# Palm TX - using the Palm as a Windows Drive



## coulterp (Oct 20, 2003)

Any recommendations on software to do this?
I found Softick Card Export II for Palm OS 4.0 http://www.timeatlas.com/mos/PDAs/Palm_OS/Using_your_Palm_as_a_Windows_Drive/ although also stated to be TX and Palm OS 5 compatible.
Has anyone any experience using this? Or other similiar package that is as good or better.


----------



## jptrsn (Jan 29, 2006)

I use Card Export II on my Zire 31 (Palm OS 5.2.8), and it works very well. I use it almost daily to sync my iTunes playlist with my SD card so that I can keep an up to date set of songs on my device. It works both on PC and Mac, and the transfer rates are acceptable (much faster than transferring files using the Palm install program).

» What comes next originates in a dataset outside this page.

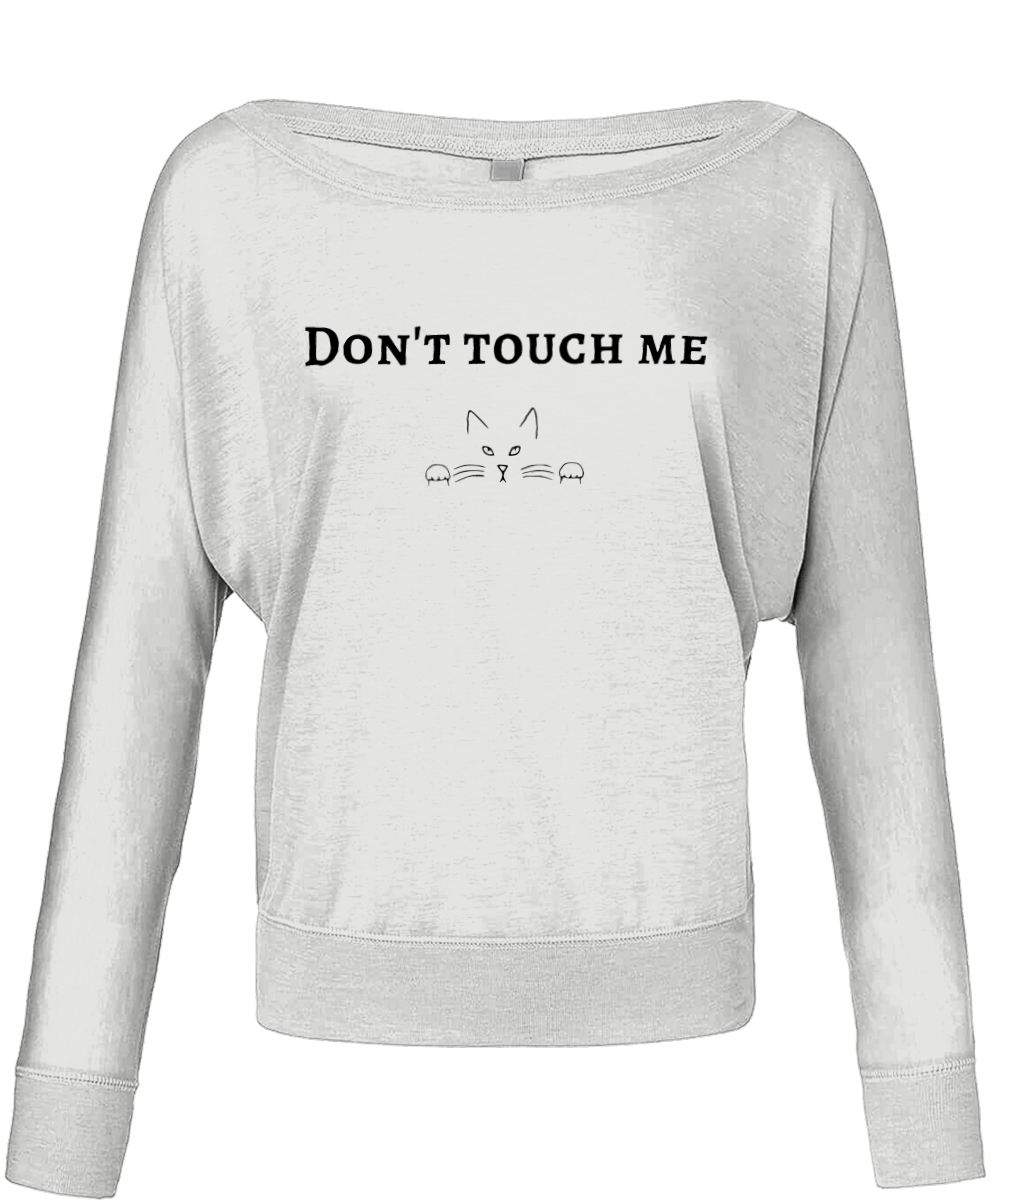 'Don't touch me' Flowy Long Sleeve T-Shirt - squishbeans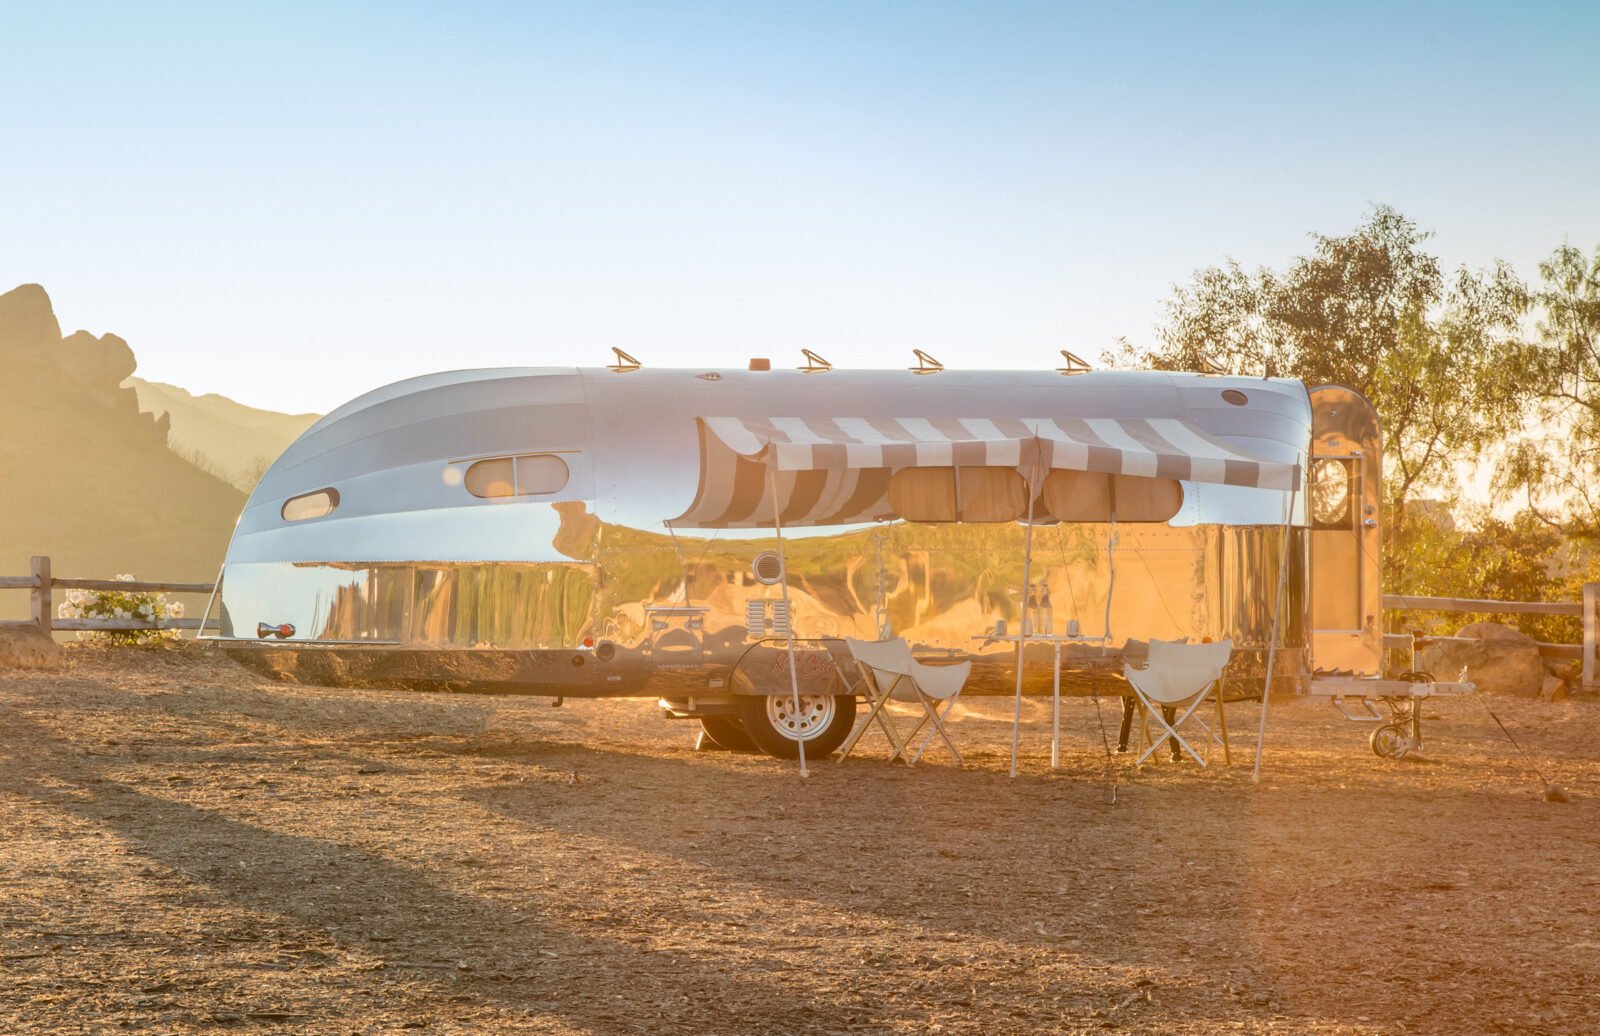 Bowlus Road Chief - The Endless Highways

I'd say it's a very reliable program. Although I have heard rumours about the T|X having "drive mode" where it will mount as a drive without 3rd party software. Take a look through your documentation, or maybe do a search on drive mode to see if that's available before purchasing possibly unnecessary software.

You can also download the trail version from Softick, just to check it out before you decide to purchase. Just head to their website and it should be pretty easy to find. The demo version has all the functionality of the regular version, but expires after 30 days or so.


----------